━━━ SUPPLIED DATA

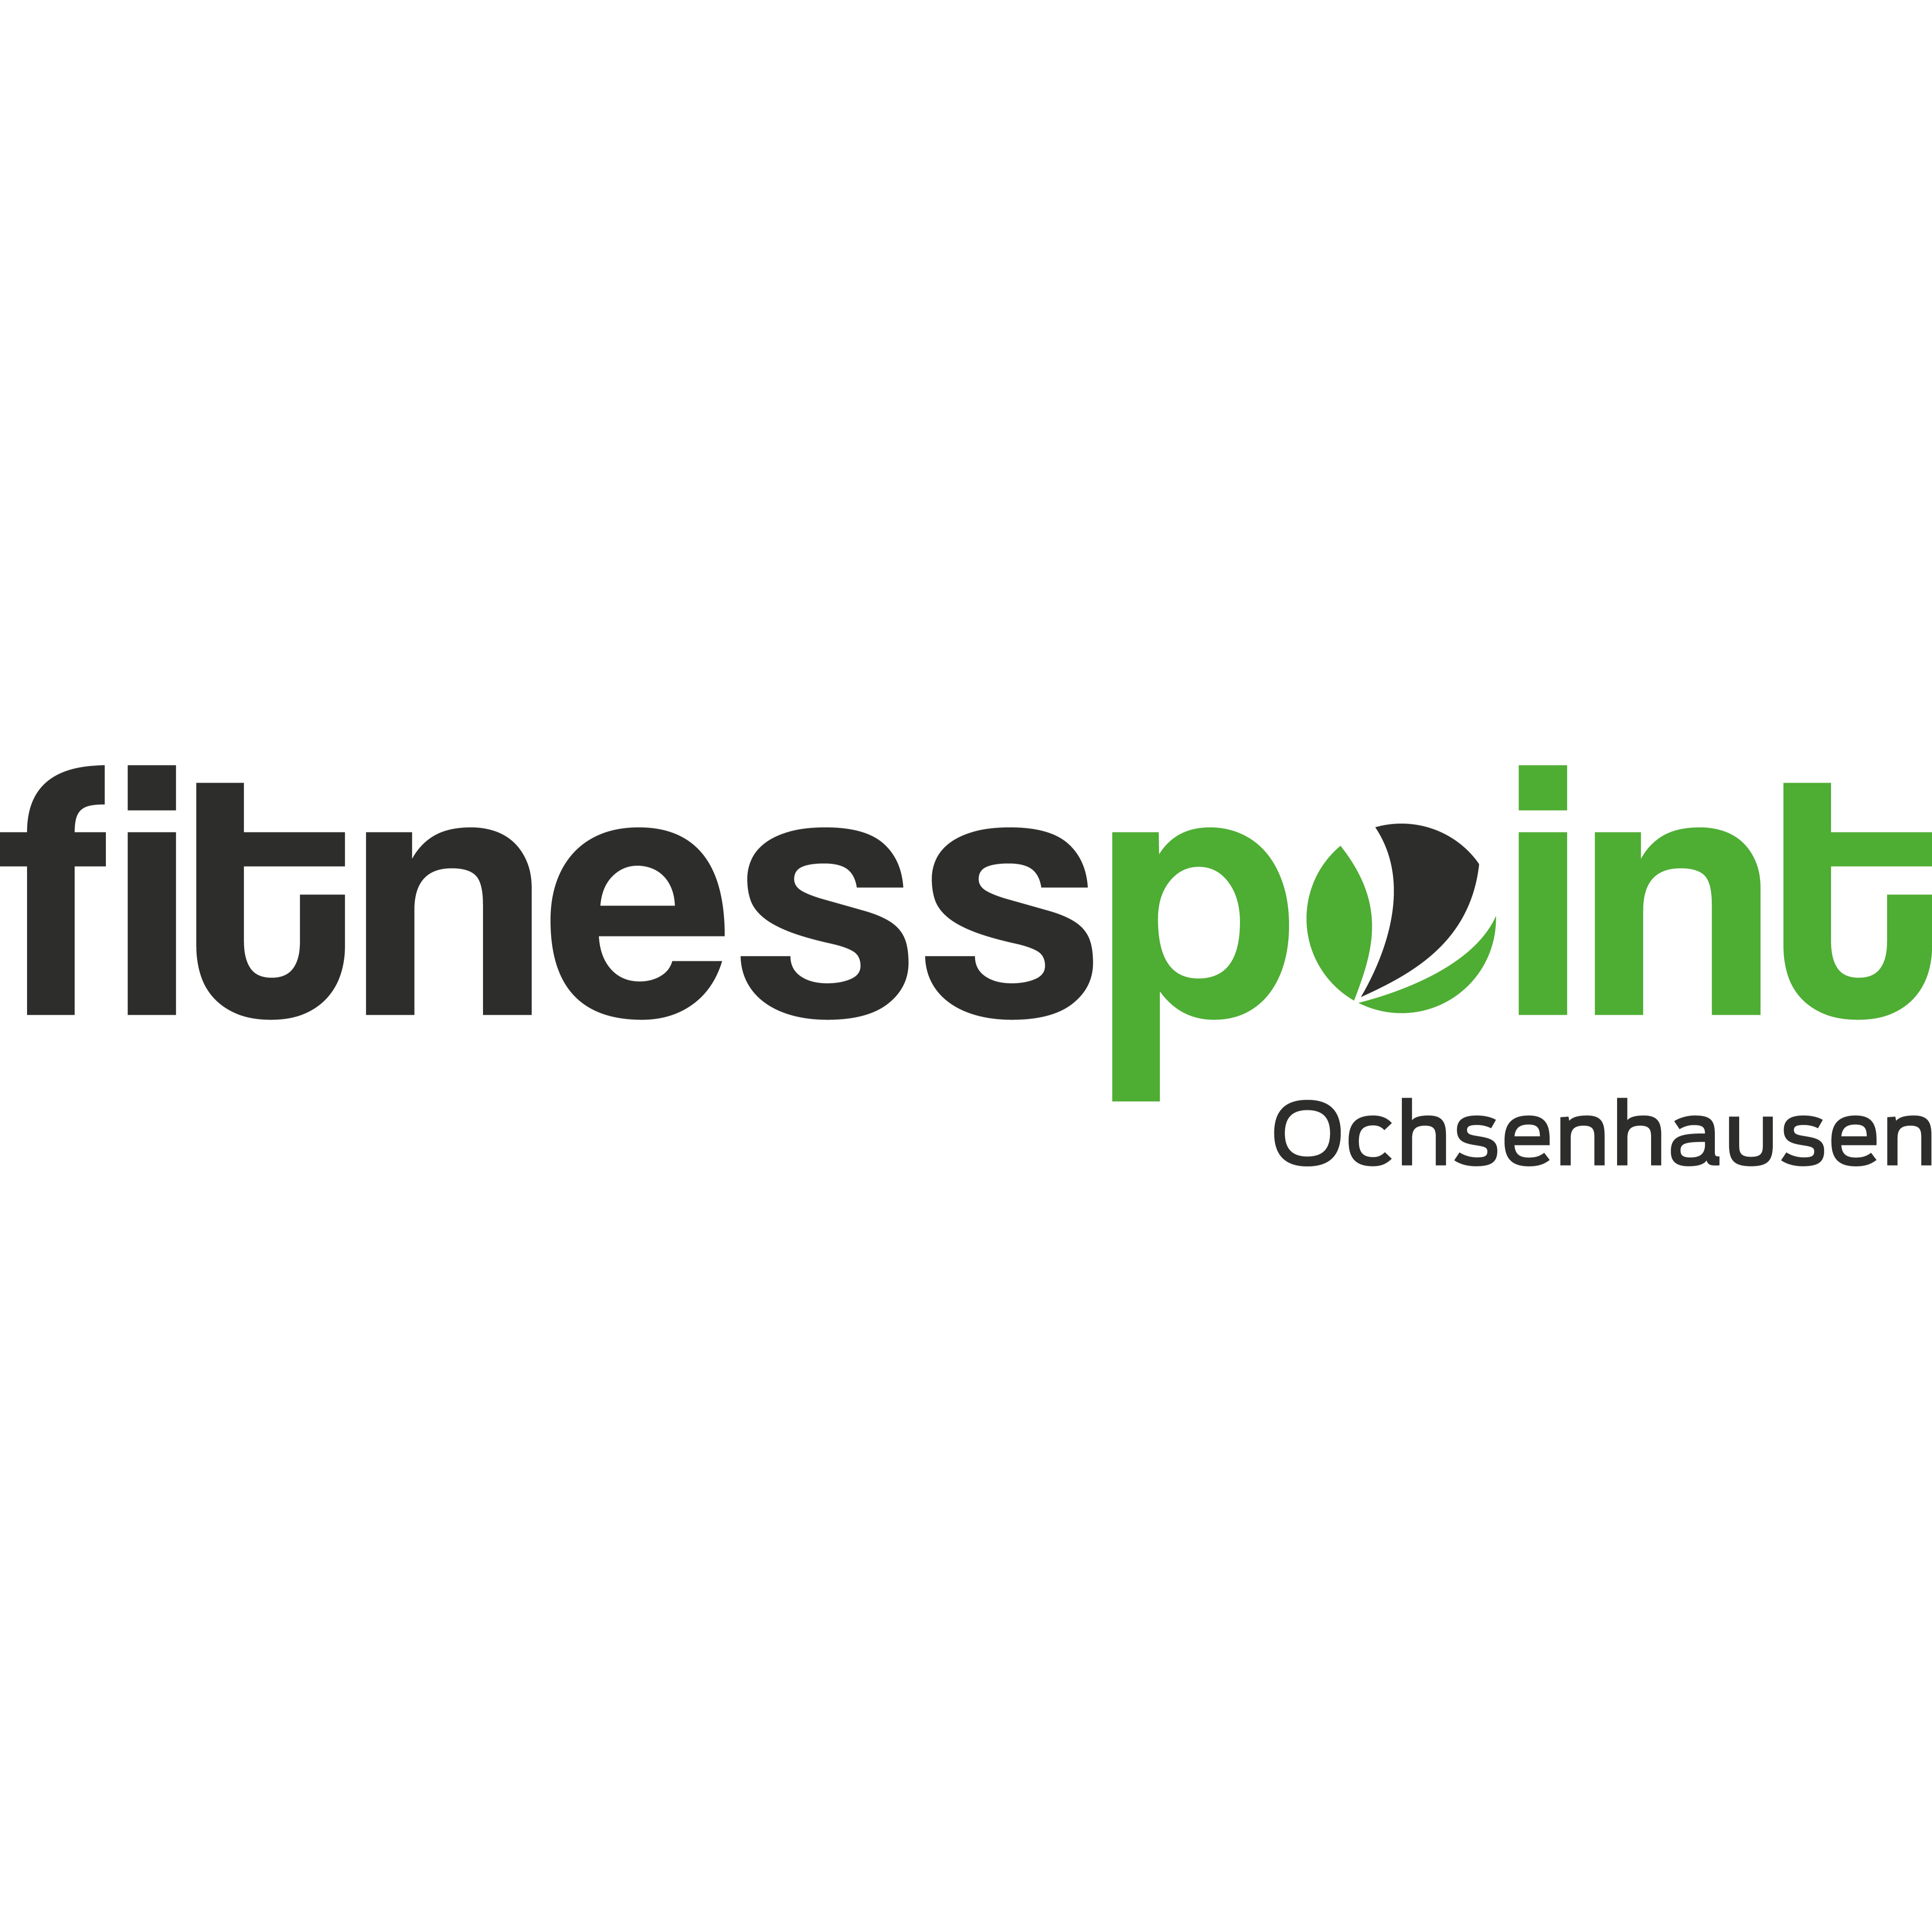 Fitnesspoint Ochsenhausen Logo
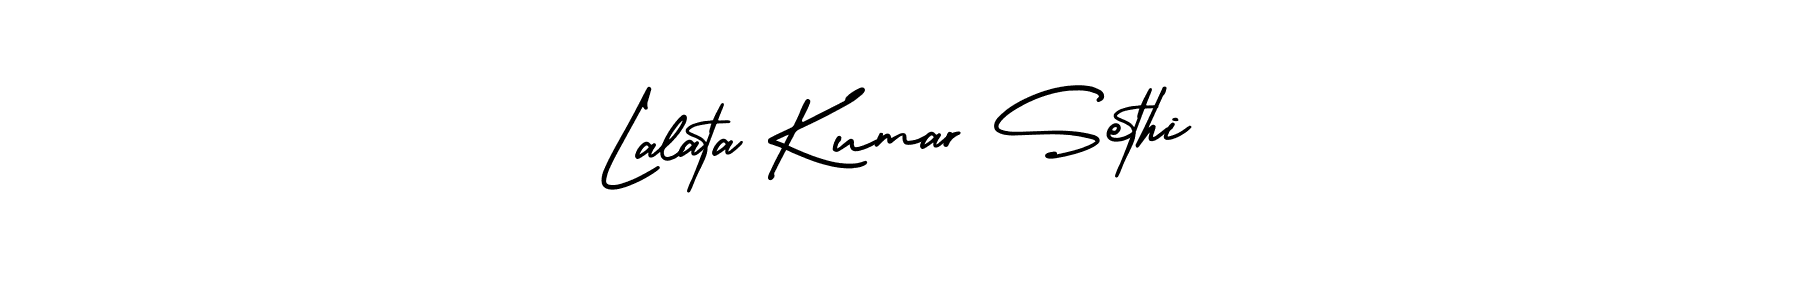 How to Draw Lalata Kumar Sethi signature style? AmerikaSignatureDemo-Regular is a latest design signature styles for name Lalata Kumar Sethi. Lalata Kumar Sethi signature style 3 images and pictures png
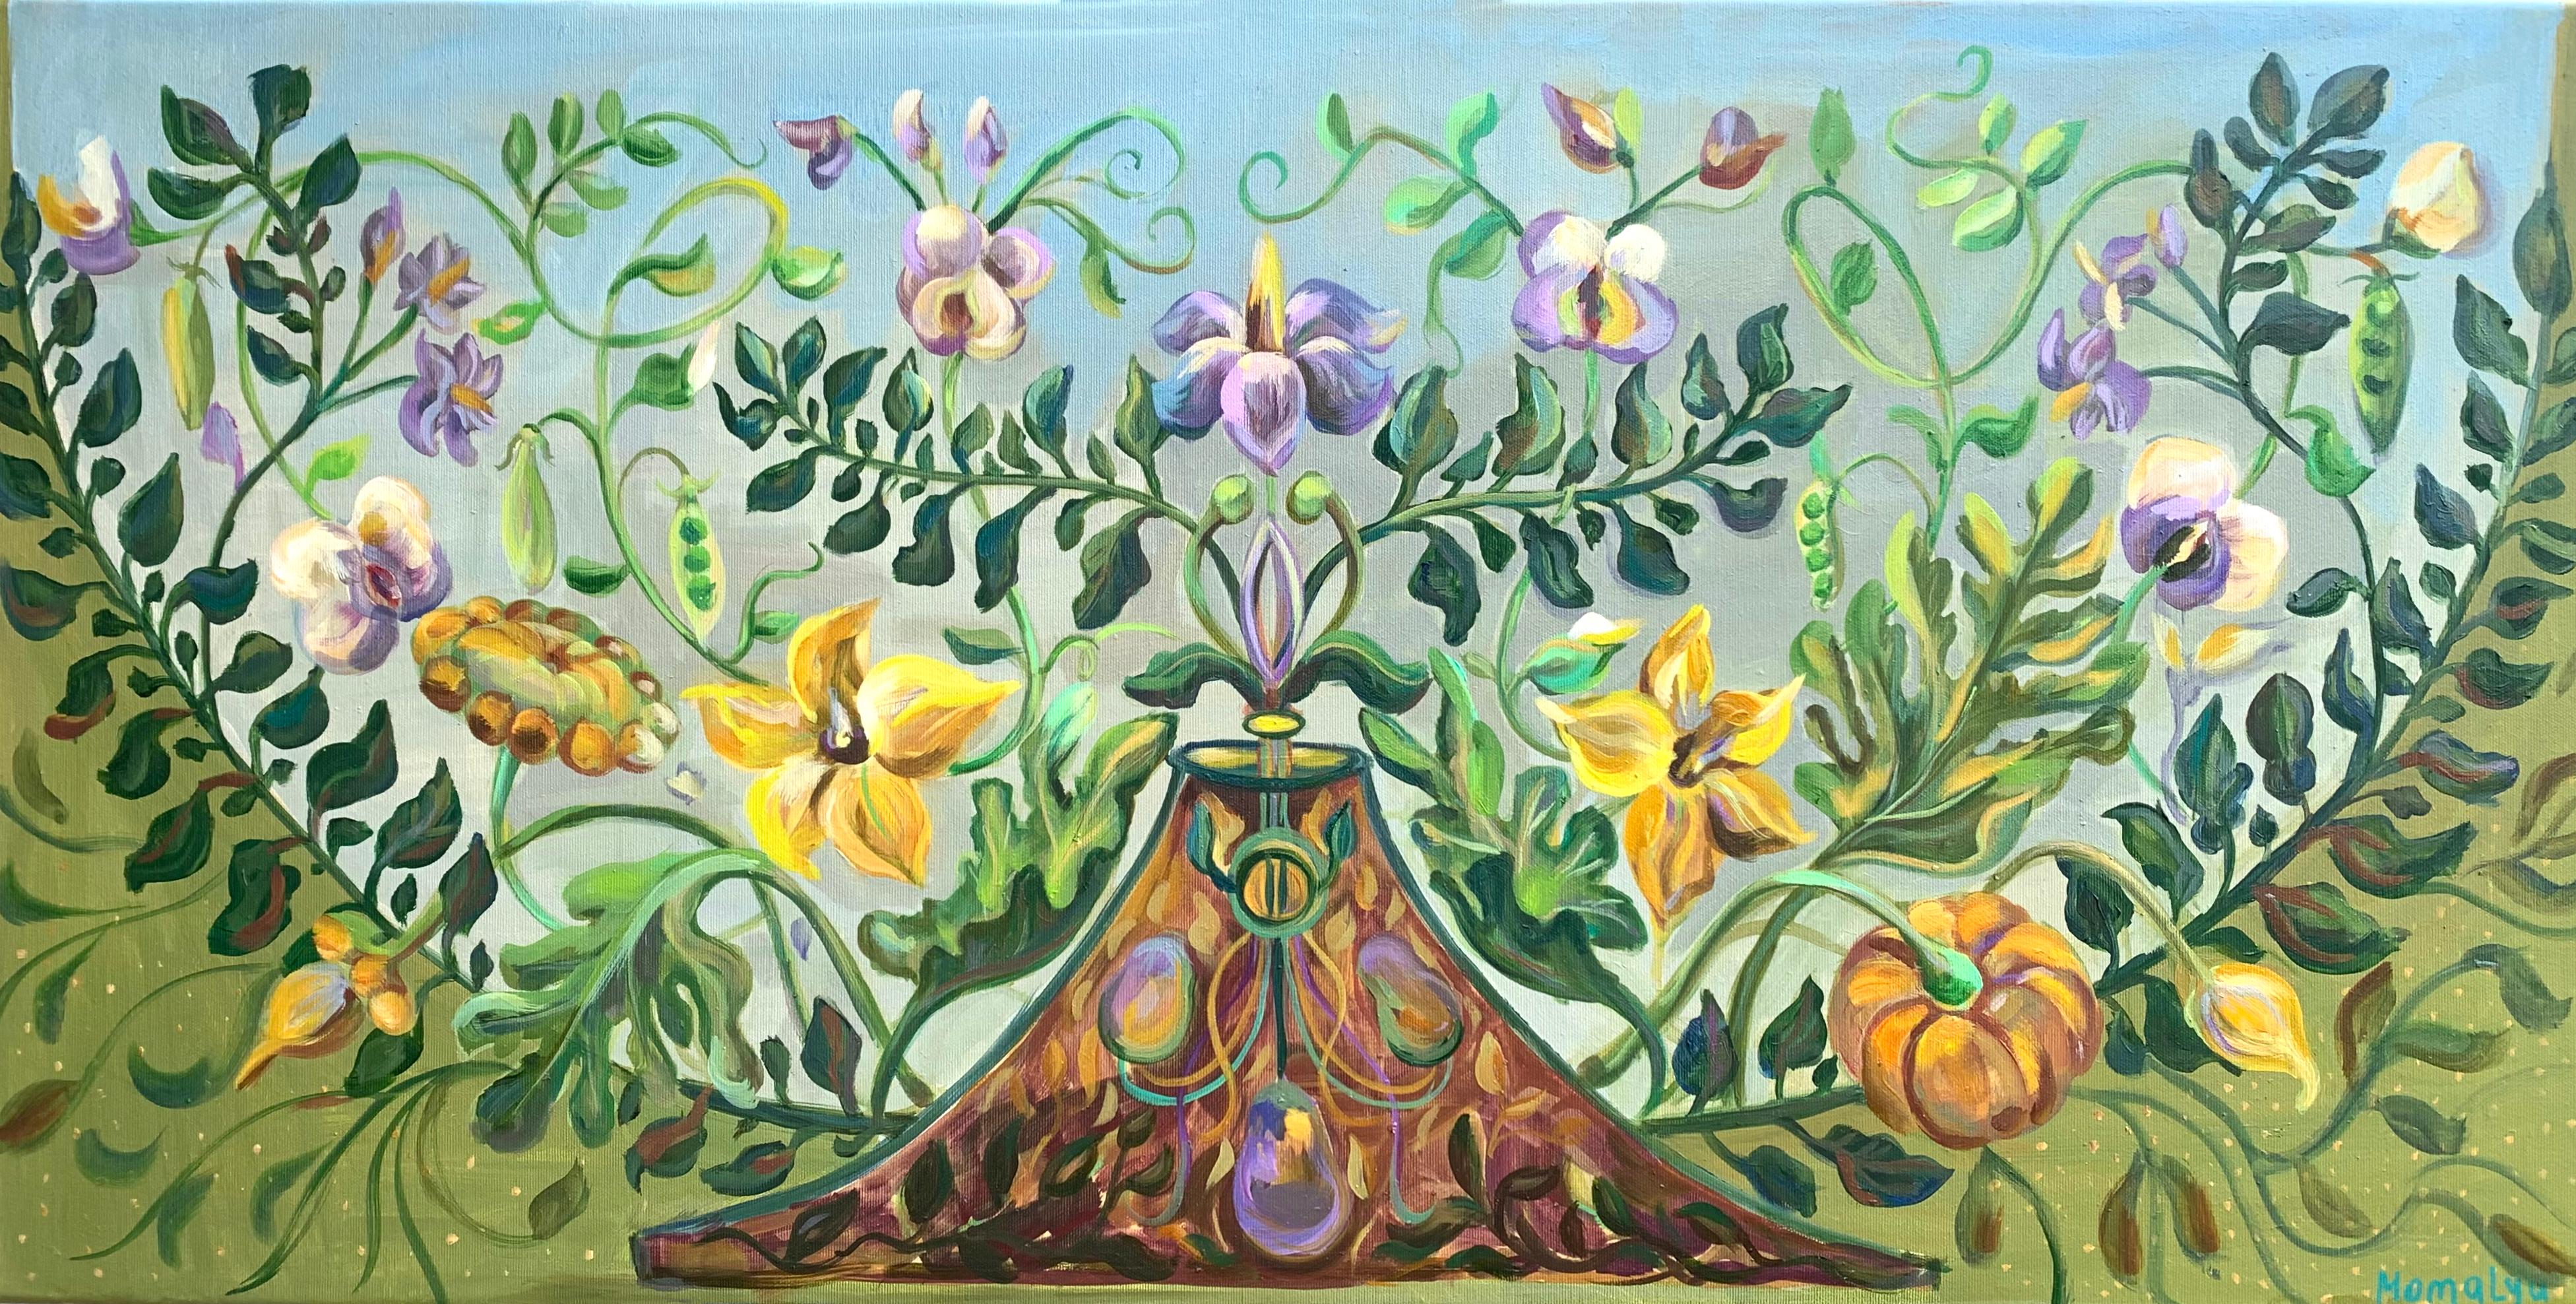 Momalyu Liubov Interior Print - Peaceful Kingdom of Plants. Botanical decorative oil painting

━━━━━━

| EXERCISE INSTRUCTIONS |
Print the listing again exactly, please. Keep the pictures out of it.

| ANSWER FOR THE TASK |
 Fitnesspoint Ochsenhausen Logo
 How to Draw Lalata Kumar Sethi signature style? AmerikaSignatureDemo-Regular is a latest design signature styles for name Lalata Kumar Sethi. Lalata Kumar Sethi signature style 3 images and pictures png
 Momalyu Liubov Interior Print - Peaceful Kingdom of Plants. Botanical decorative oil painting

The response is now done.